- Directed by: Alessandro De Gaetano
- Written by: Alessandro De Gaetano
- Produced by: Steve Gellman Timothy E. Sabo
- Starring: Paul Denniston; Judy Tenuta; Jason Terisi; Jordan Roberts; Bill Igraham;
- Cinematography: Cynthia Webster
- Edited by: Amy Harvey
- Music by: Conrad Pope
- Production company: Billingsgate
- Release date: 14 November 1996 (Reeling Chicago Gay Lesbian Film Festival);
- Running time: 103 minutes
- Country: United States
- Language: English

= Butch Camp =

Butch Camp is a 1996 American comedy film directed by Alessandro De Gaetano, starring Paul Denniston, Judy Tenuta, Jason Terisi, Jordan Roberts and Bill Igraham.

==Plot==
Matt Grabowski (Paul Denniston) is an awkward young gay man whose life is falling apart. His boyfriend had left him three years earlier for another man. His sex life is reduced to eavesdropping on the exploits of his roommate who also leaves him and takes all the furniture. He is mugged on several occasions and is overworked, underpaid and underappreciated at his job.

Disappointed about his failure to find true love, Matt decides to learn to be more assertive by attending Butch Camp. The boot camp training seminar is overseen by the iron-fisted dominatrix commandant Samantha Rottweiler (Judy Tenuta) who unleashes a series of physically and mentally grueling exercises on her class of gay trainees.

One of his challenges is to survive a night in a sports bar where he meets Janet Cockswell (Jordan Roberts) who mounts a concerted effort to seduce him. He is also drawn to Janet's soon-to-be former boyfriend Rod Cazzone (Jason Terisi) who in turn finds himself strangely attracted to Matt.
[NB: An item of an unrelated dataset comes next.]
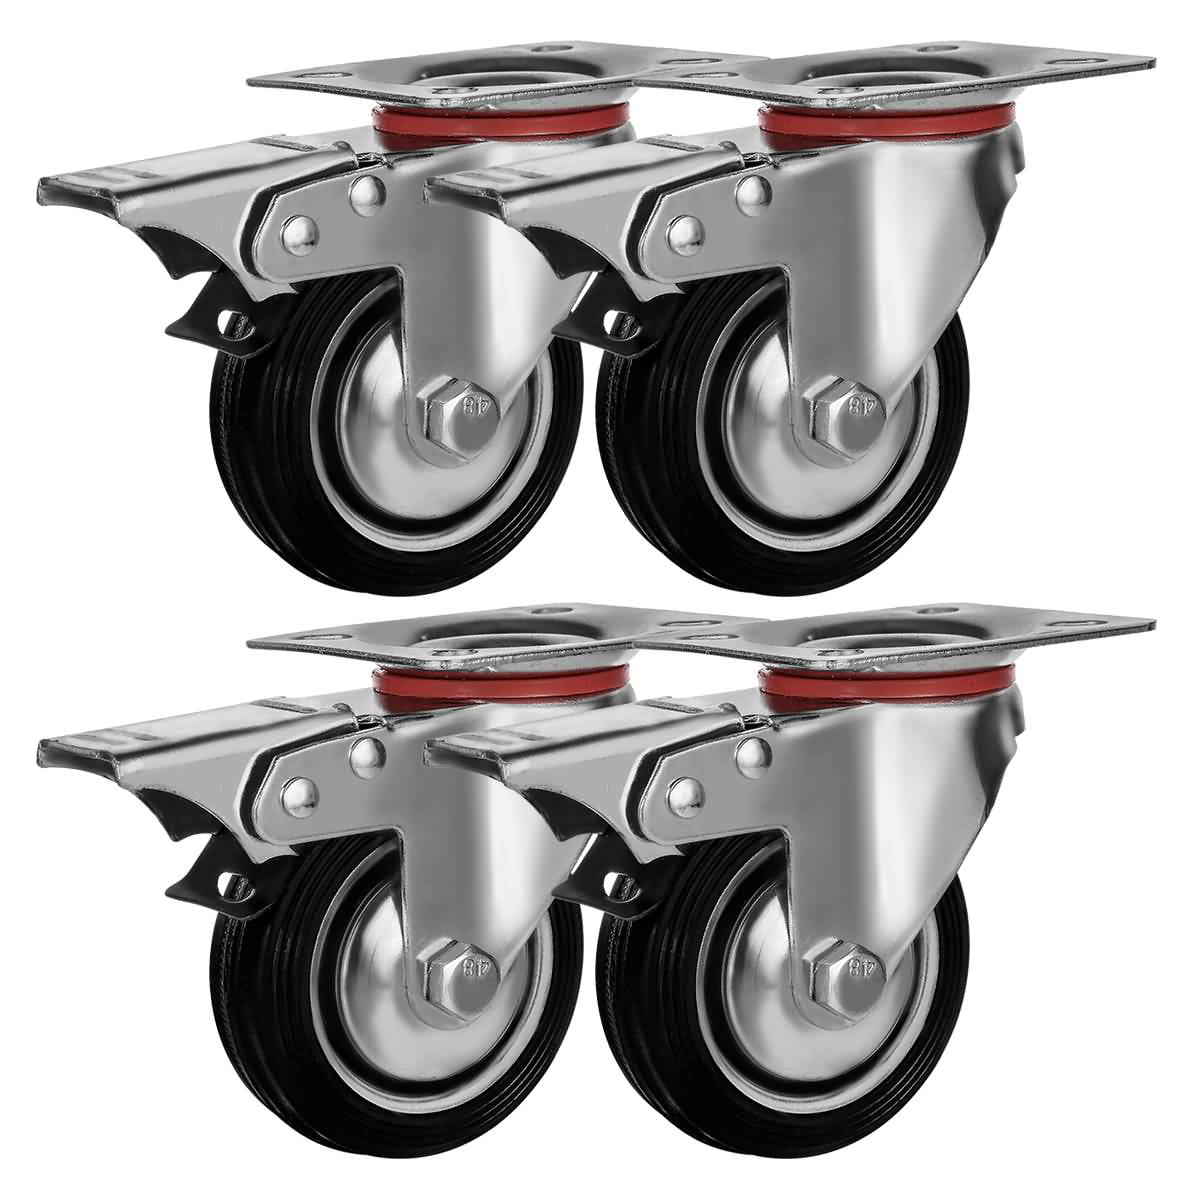 4 Pieces 3" Rollerblade Style Caster Wheels Heavy Duty Non-Marring Clear Rubber 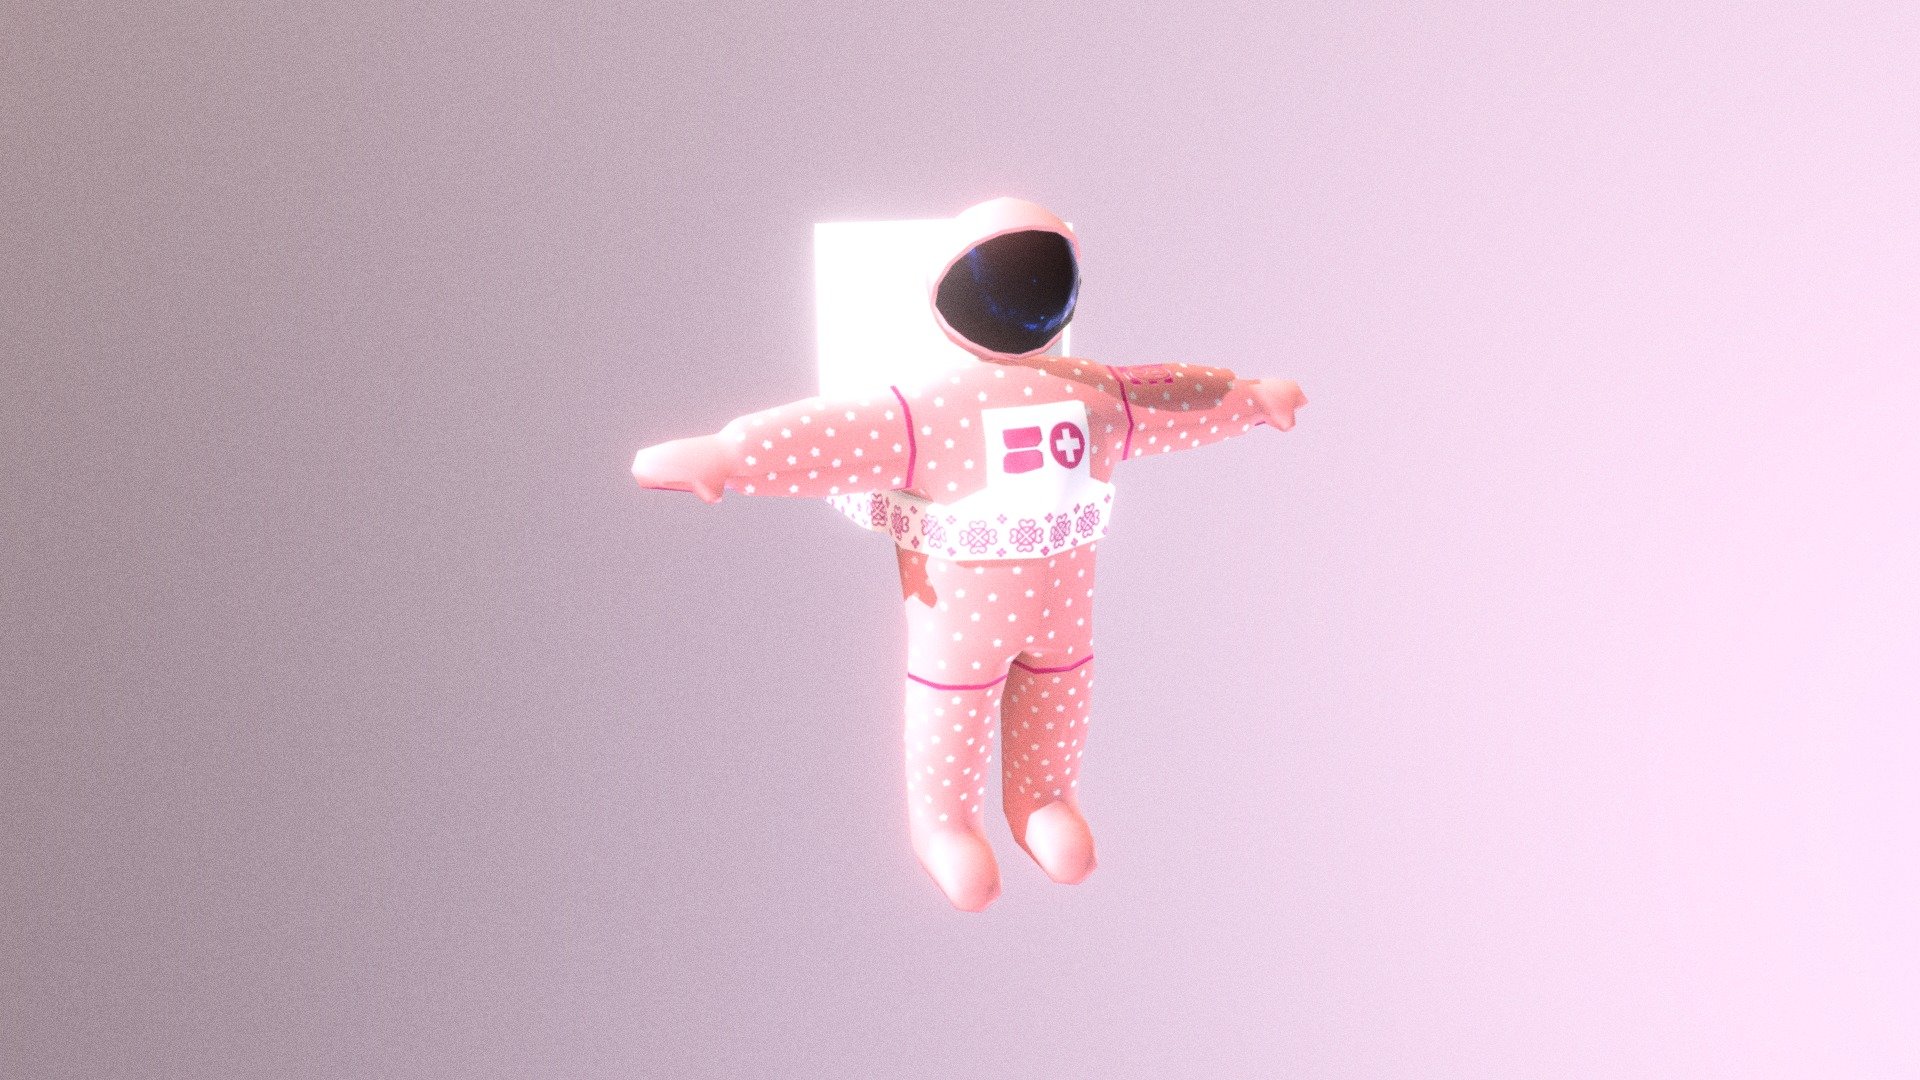 I just wanted a space suit that looked like Hello Kitty. Not her specifically, just wanted that Pockey Pink. Mmh strawberry 3d model

A love triangle ensues when Matt gains self-confidence and his attractiveness to both Janet and Rod increases.

==Cast==
- Paul Denniston as Matt Grabowski
- Judy Tenuta as Samantha Rottweiler
- Jason Terisi as Rod Cazzone
- Jordan Roberts as Janet Cockswell
- Bill Igraham as Danny

==Production==
Alessandro De Gaetano wrote the script in 1991, four years prior to production. Tenuta agreed to do the film after the script was rewritten to enlarge her role. She was labeled as "The Star" in the film's press kit despite her role being secondary. Tenuta's name recognition and the producers staging a reading of scenes from the movie in the spring of 1996 successfully resulted in investors providing the $300,000 needed to complete the project.

The film was shot around Chicago in about a month and was completed on schedule and on budget despite unfavorable weather and a camera breakdown.
A rough cut was shown at gay and lesbian film festivals in Chicago and Sydney where it was well received at the former and even more popular at the latter. The producers Sabo and Gellman had to deal directly with movie theatre chains to get domestic distribution due to the lack of financial backing from any of the major Hollywood studios. They selected Sony over Cineplex Odeon for the film's debut in Chicago.

==Reception==
Marc Savlov of The Austin Chronicle rated the film 3 stars out of 5 and wrote, "Surprisingly touching at times and consistently funny, de Gaetano's film is a hopelessly romantic comedy no matter what your sexual proclivities may be." Lisa Alspector of the Chicago Reader wrote that the film is "a portent of the time when gay lead characters will be plentiful enough that they’re no longer required to be role models or political icons—Matt’s an old-fashioned schlemiel in a half-hokey, half-serious story whose slapstick and reeking scatological humor provide some childish delight." P. Van Vleck of The Video Librarian rated the film 3 stars out of 5 wrote that while the film "suffers from a few adolescent moments", it is "quite funny."

Mark Woods of Variety praised Tenuta's performance, while writing that the film "often feels like a gay version of the sometimes tasteless yet curiously popular British Carry On movies". Achy Obejas of the Chicago Tribune criticised the misogyny of Tenuta's character as well as the characters in the subplots, calling them "obscenely stereotypical, as if drawn not by heterosexuals, but by ignorant, homophobic heterosexuals", and wrote that the film "might have been better, simpler and funnier if they'd just let Denniston and Igraham write their own story, one about friendship, filled with wonderfully bitchy lines and sweet moments." Leslie Rubinkowski of the Pittsburgh Post-Gazette wrote that the "same shallow story and bad acting that infect mainstream movies have trickled down here." Henry Sheehan of The Orange County Register gave the film a negative review. Laura Dempsey of the Dayton Daily News called the film "obvious" and "badly done". Kevin Thomas of the Los Angeles Times wrote that "There's no chemistry between Matt and Janet and even less between him and Rod, despite a sensitive, unself-conscious performance by Terisi" and that "What little edge the film has comes from Rod's constantly confounding the stereotype Matt holds of him as a blue-collar Italian American."